Il y a 10 ans, il est évident que je ne pensais pas du tout monter ma propre équipe, et gagner plusieurs titres français, voire un européen. Mais il y a quelques années, quand Bernard Hainry, de Citroën-Rennes, a fait appel à moi pour conduire une BX 16 soupapes, j'ai commencé à y croire. Et mon objectif a été d'arriver là où je suis maintenant. Et je dois tout à trois personnes de Citroën-Rennes, Messieurs Génovèse et Jutier, et Bernard Hainry. Et puis un gars comme Daniel Balu est venu m'aider depuis le début. On ne peut pas oublier ça ! C'est vrai cette année, j'ai vécu un rêve...

L'année dernière, tu as dû te restructurer, et monter ta propre équipe, Pailler Compétition. Cela s'est-il déroulé sans problèmes ?
Il faut savoir que chez Dynam Moteur c'est Thierry le Guily qui s'occupait de l'entretien de ma voiture. Il était mécanicien. Maintenant, il dirige ma structure, et il a fait grandement évoluer ma voiture.

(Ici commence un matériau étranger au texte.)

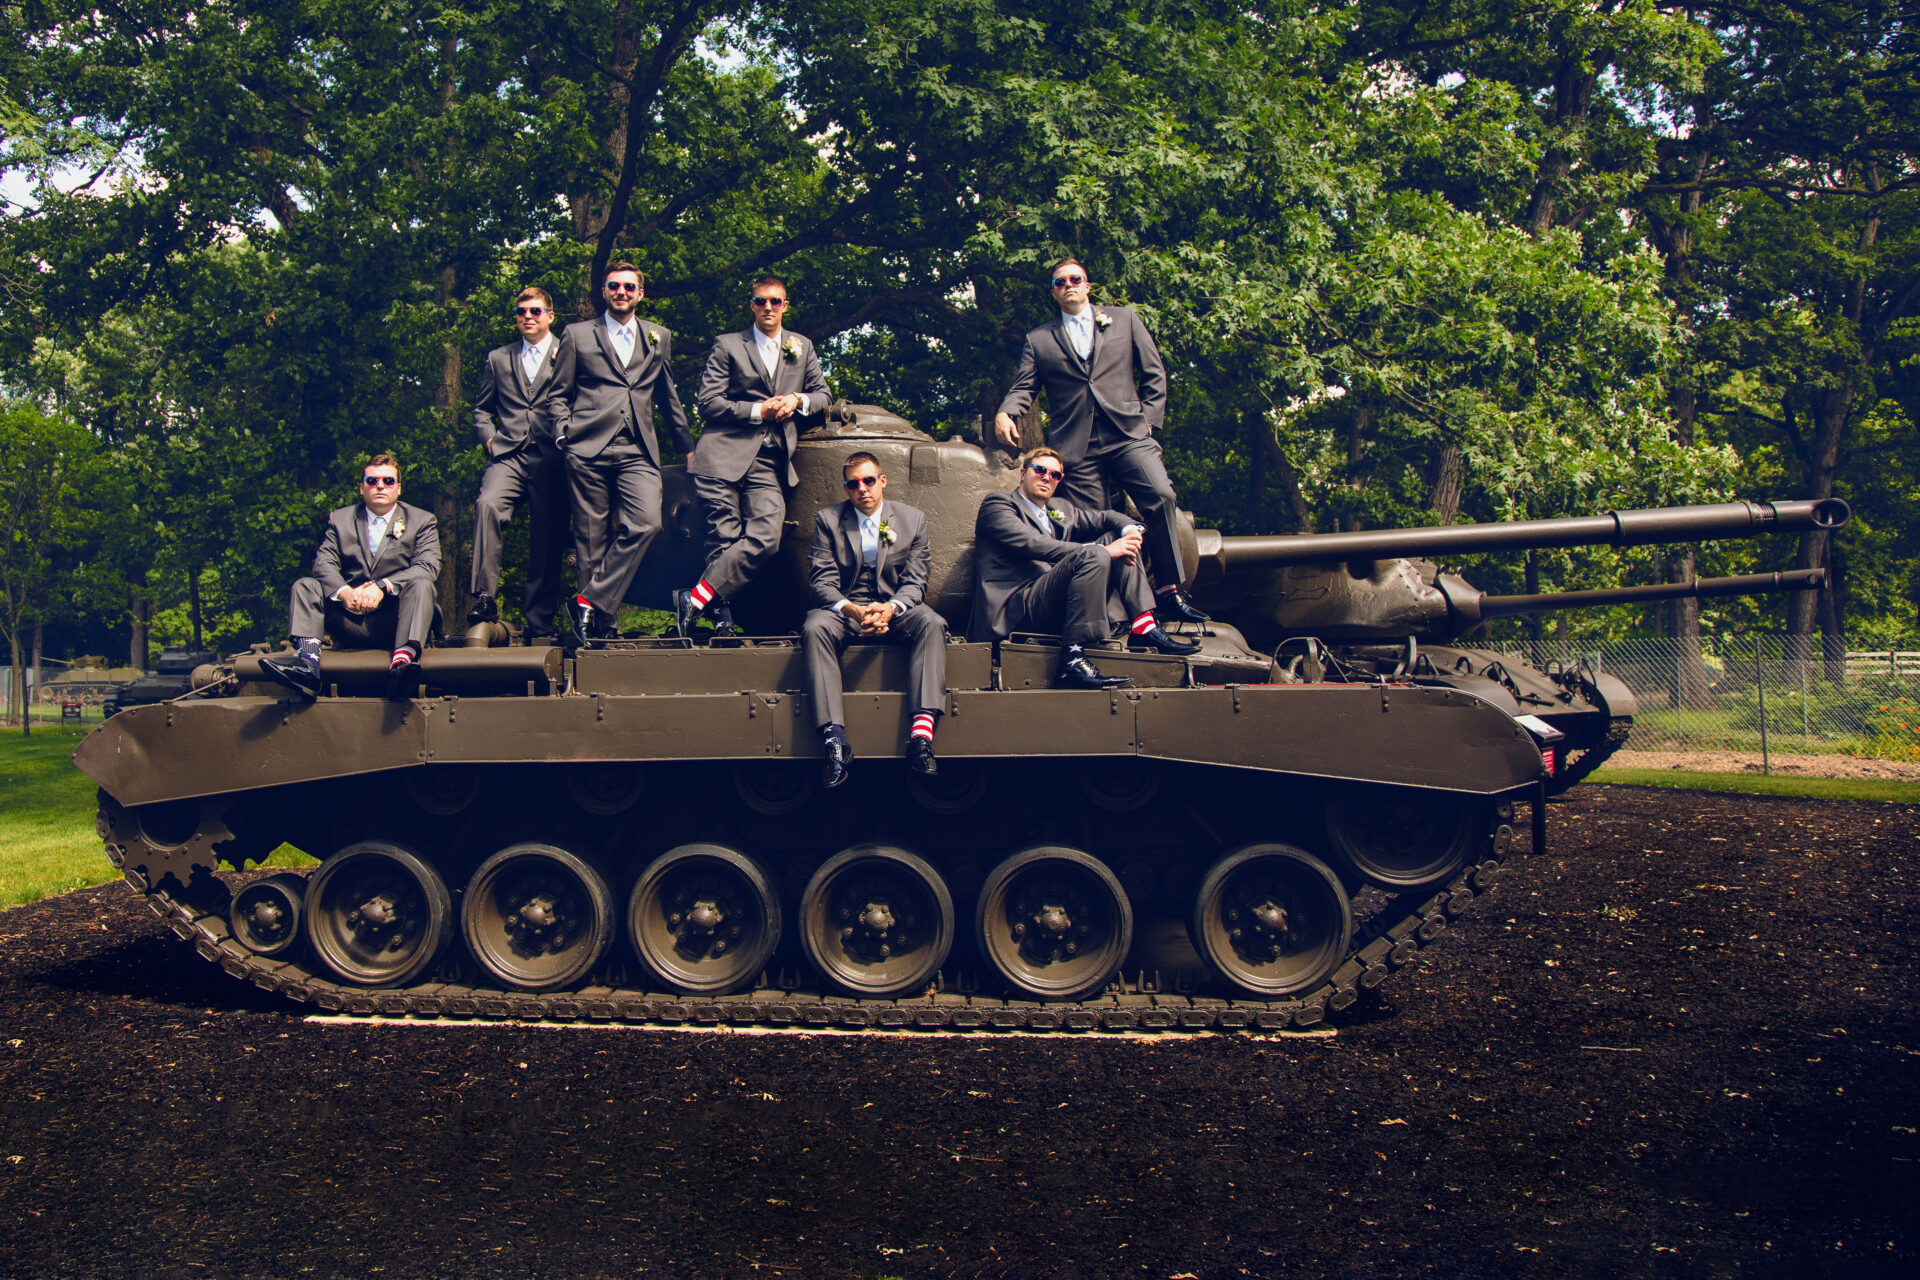 Military wedding photo session with a tank by Astrapia Photography

Le fait d'avoir couru championnat de France et d'Europe, cela posait-il des problèmes logistiques ?
Non, pas du tout. J'étais parfaitement organisé. J'ai trois salariés. Thierry le Guily, Jean-Yves et Pascal travaillent à plein temps sur la voiture. Et les week-ends de course, Daniel Balu et Didier Cogrel, deux bénévoles, complètent l'équipe.

L'année prochaine, vas-tu te lancer dans le même challenge, France-Europe ?
Vis à vis de Citroën je suis obligé de le faire, sans parler des partenaires que j'aurai. Et puis il est impératif de faire rouler la Xantia. L'objectif est toujours de gagner ! Mais les autres vont beaucoup travailler cet hiver, les Schanche, les Kristoffersson, les Hansen, les Eklund. Ce sera plus dur !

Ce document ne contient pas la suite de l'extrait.